Emerging data on combination therapies and long-term outcomes have provided important safety signals that are reshaping treatment paradigms. A comprehensive systematic review of 17 combination therapy studies involving 1,056 patients revealed that combination therapies were significantly less effective for hepatic manifestations compared to neurological presentations (47.1% vs 78.6% efficacy). Most critically, combination therapy with penicillamine plus zinc sulfate resulted in a significantly higher mortality rate compared to other combination approaches (16.3% vs 4.7%), establishing important contraindications for specific drug combinations. These findings, combined with healthcare resource utilization data showing annual pharmacy costs averaging $157,505 for adherent patients, underscore the complexity of optimizing both clinical outcomes and economic sustainability in Wilson disease management.

Optimizing Wilson Disease Care with Extended-Release Zinc

The initiation of a pilot clinical study for ET-700 by Eton Pharmaceuticals signals a strategic move to refine the long-term management of Wilson disease, a severe and lifelong genetic disorder of copper metabolism. For patients living with this condition, consistent adherence to anticopper therapy is paramount to prevent devastating hepatic and neurological damage. While zinc compounds are the cornerstone of maintenance treatment, the current regimen often involves multiple daily doses, which can be a significant barrier to adherence over decades. An extended-release formulation, dosed twice daily, could dramatically improve patient convenience and compliance, potentially leading to better long-term outcomes and a higher quality of life.

This development is particularly interesting due to the innovative use of 64Cu PET imaging. By directly measuring intestinal copper absorption in healthy volunteers, the study aims to establish a clear mechanistic proof-of-concept early in development. This advanced imaging technique offers a precise, objective biomarker that could significantly de-risk and accelerate the path to pivotal studies, providing a quantifiable measure of the drug's impact on copper homeostasis.

However, the journey from a pilot study in healthy volunteers to a market-ready product for a rare disease is complex. Key considerations include:

• Translating Efficacy: Demonstrating that improved copper absorption in healthy individuals translates into superior or at least non-inferior clinical efficacy and safety in actual Wilson disease patients, who present with diverse and severe symptoms, will be crucial.

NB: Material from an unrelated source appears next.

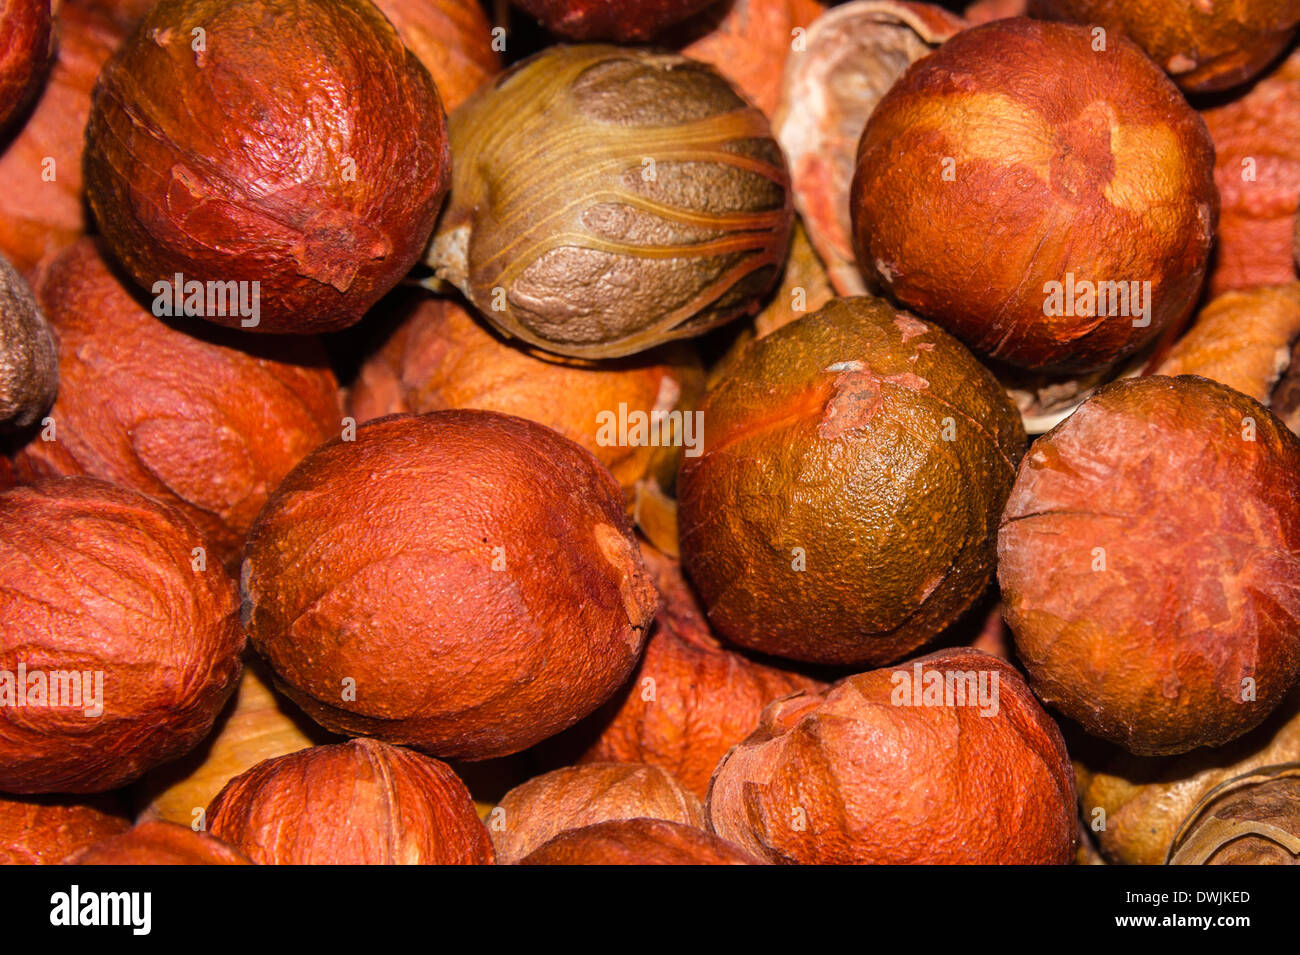 Fresh nutmegs from the husk Stock Photo

• Patient Recruitment: Recruiting a sufficient cohort for pivotal trials in a rare disease population, especially one with varied clinical presentations, poses a significant logistical challenge.

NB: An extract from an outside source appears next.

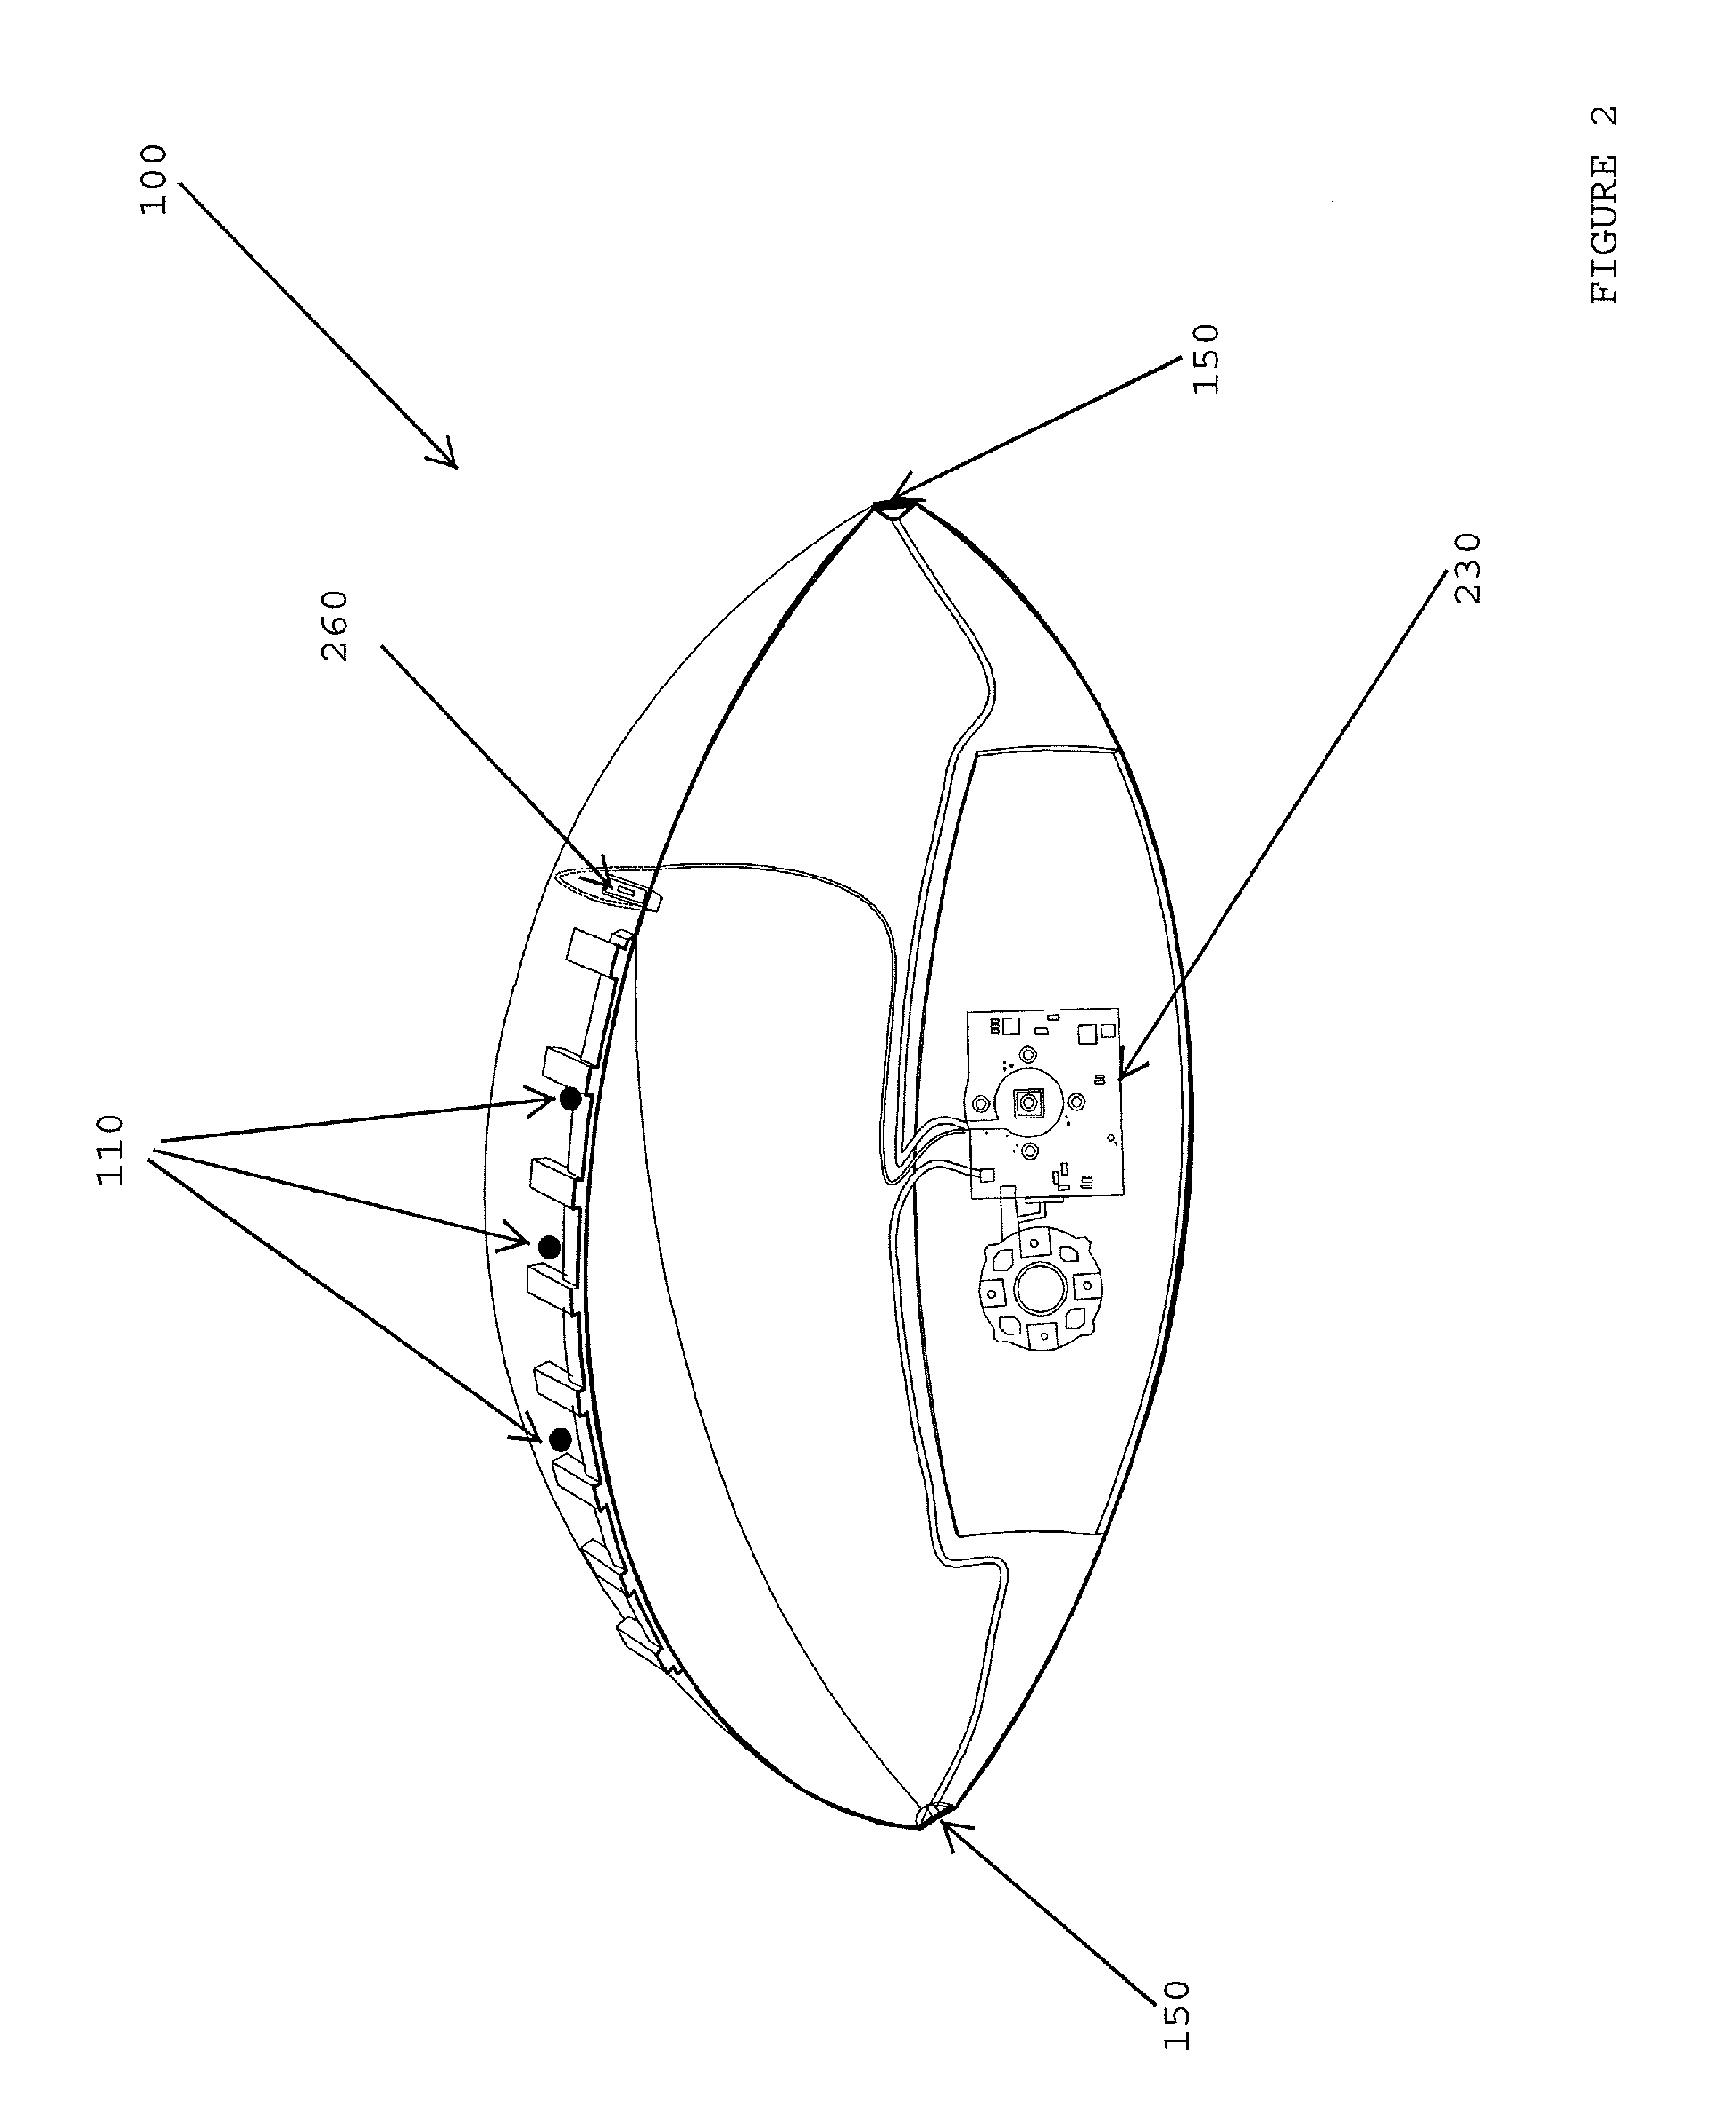 Sensor activated ball and sport accessory with computer functionalities

• Market Acceptance: Even with potential adherence benefits, a new, potentially higher-cost formulation must navigate reimbursement landscapes where patients already face hurdles in accessing existing prescription zinc therapies.

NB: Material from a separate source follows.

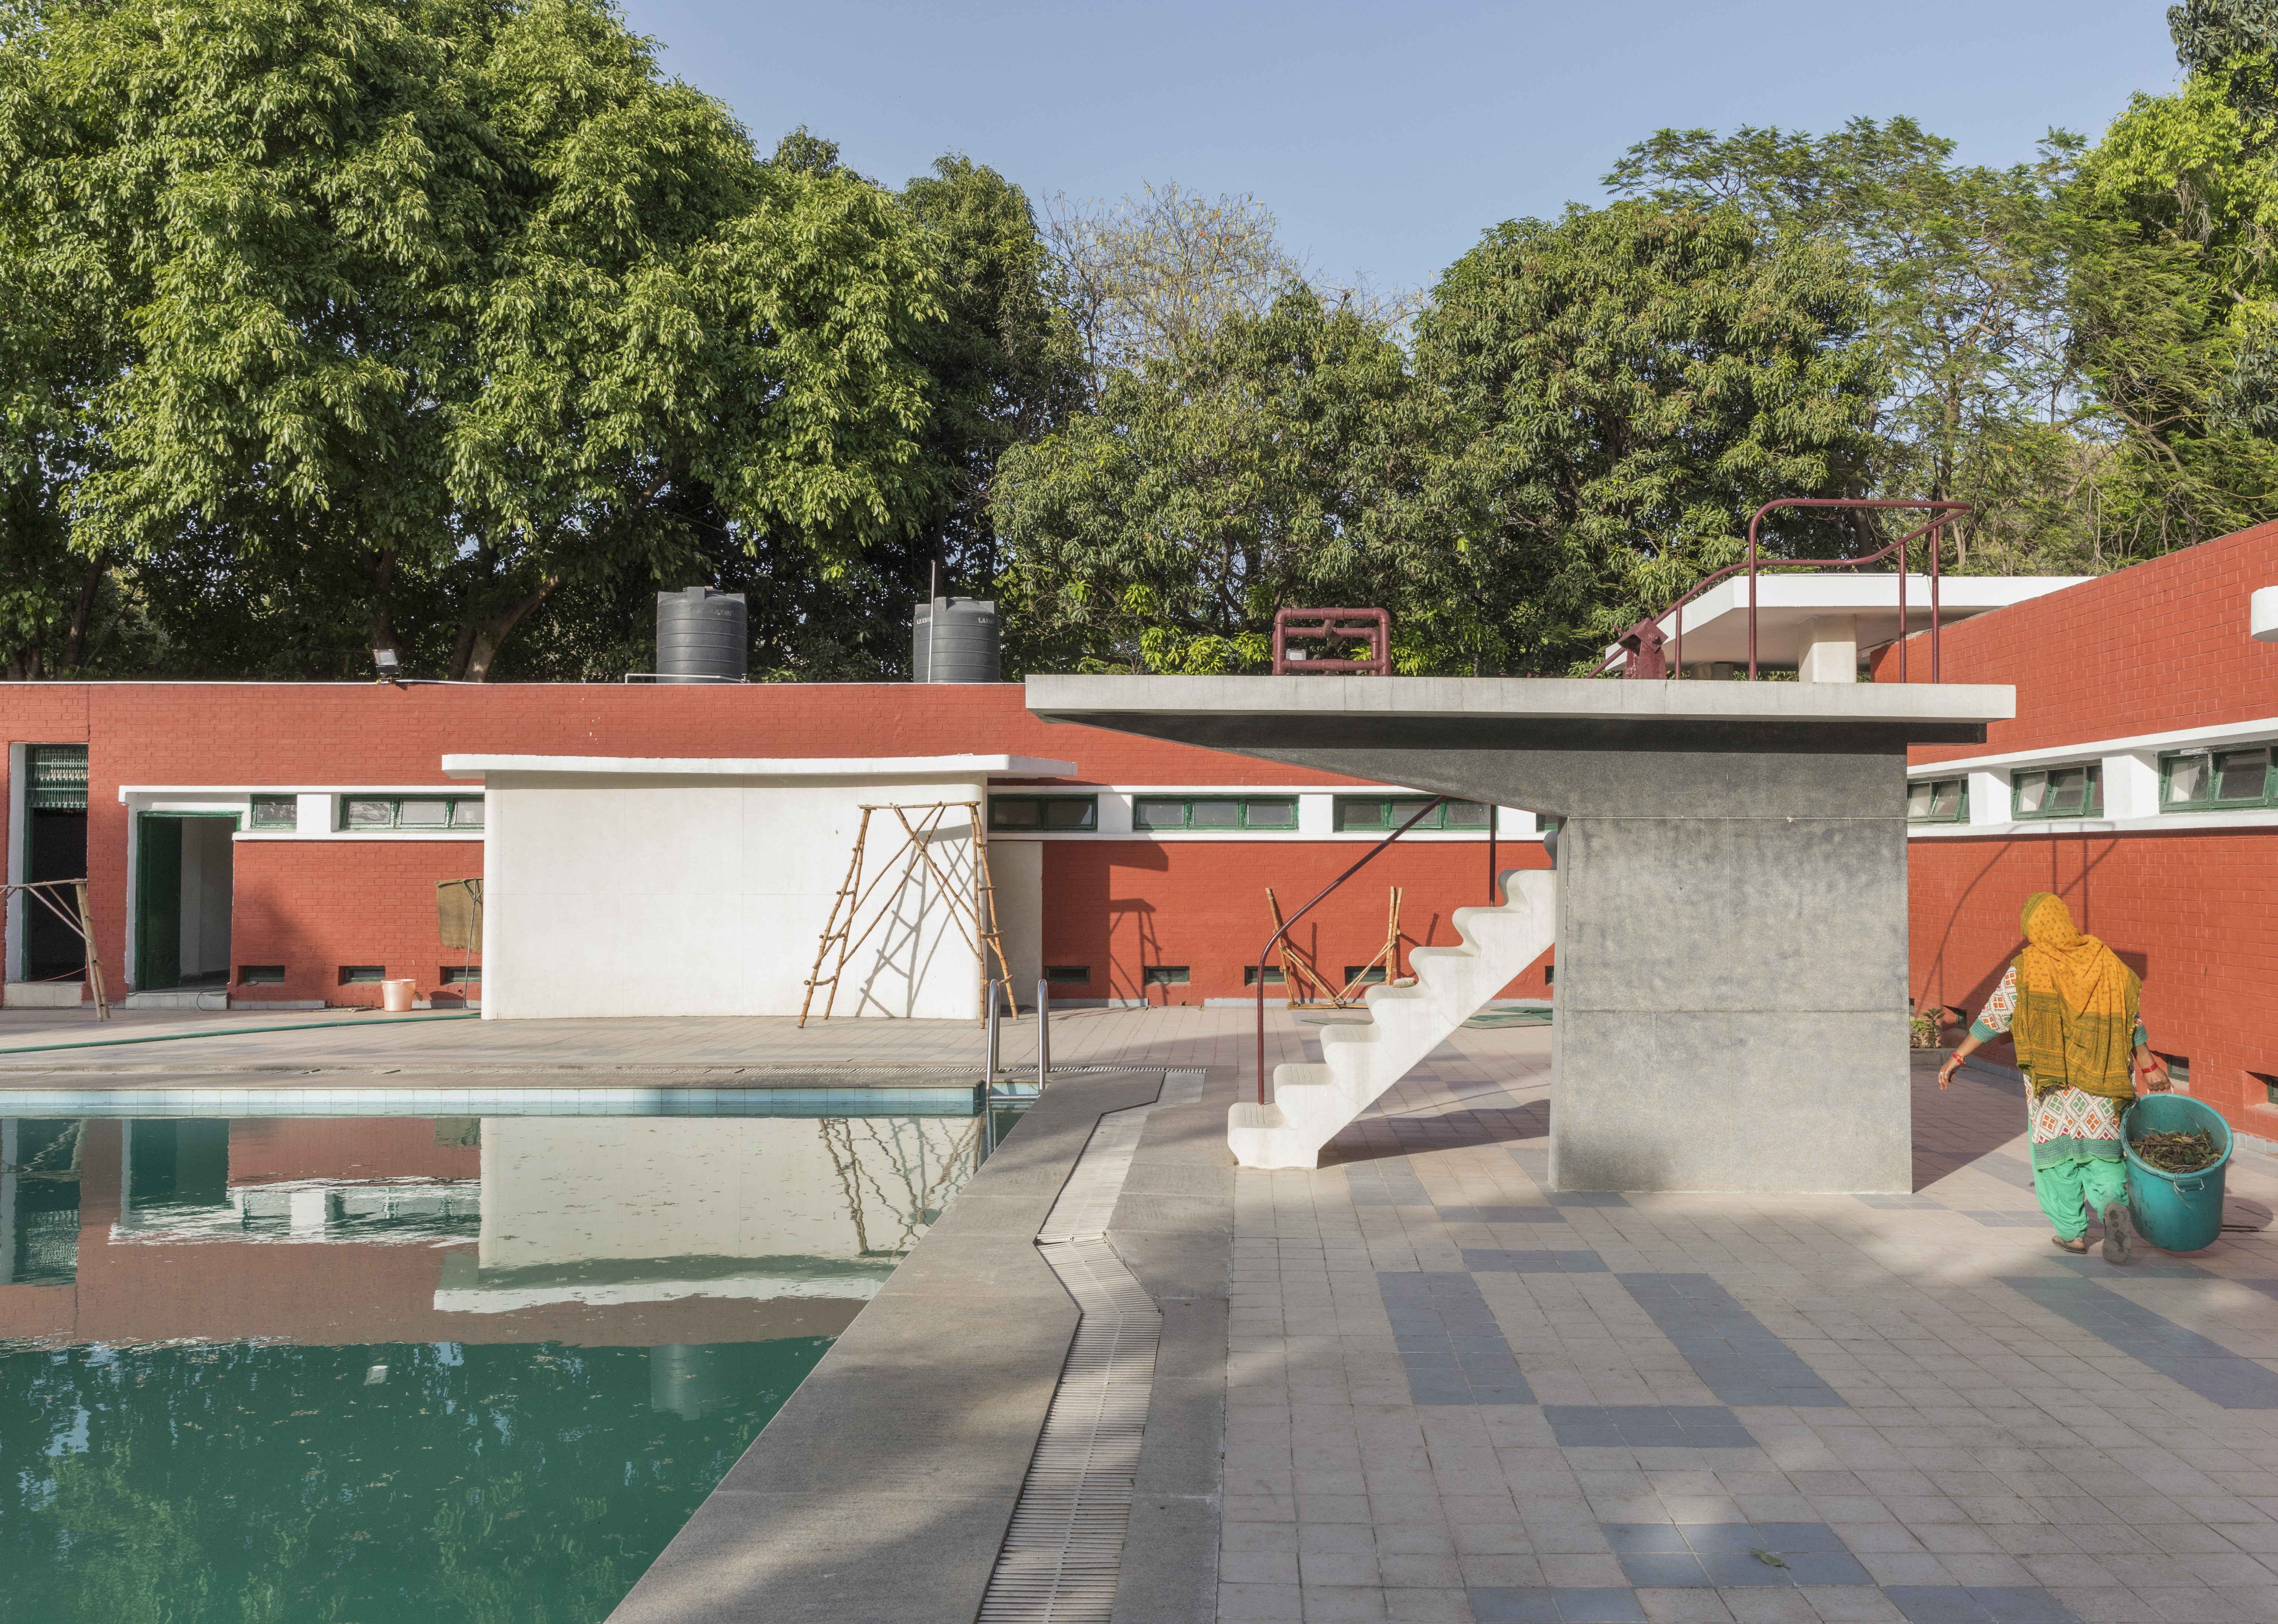 A swimming pool with a diving board made of concrete.

Ultimately, if ET-700 can successfully navigate these challenges and demonstrate a tangible benefit in patient care, it could establish a new standard for maintenance therapy in Wilson disease, offering a more patient-friendly option in a market with a clear, unmet need for optimized treatment regimens. This effort underscores the ongoing drive within pharma to enhance drug delivery and patient experience, even for established therapies in orphan indications.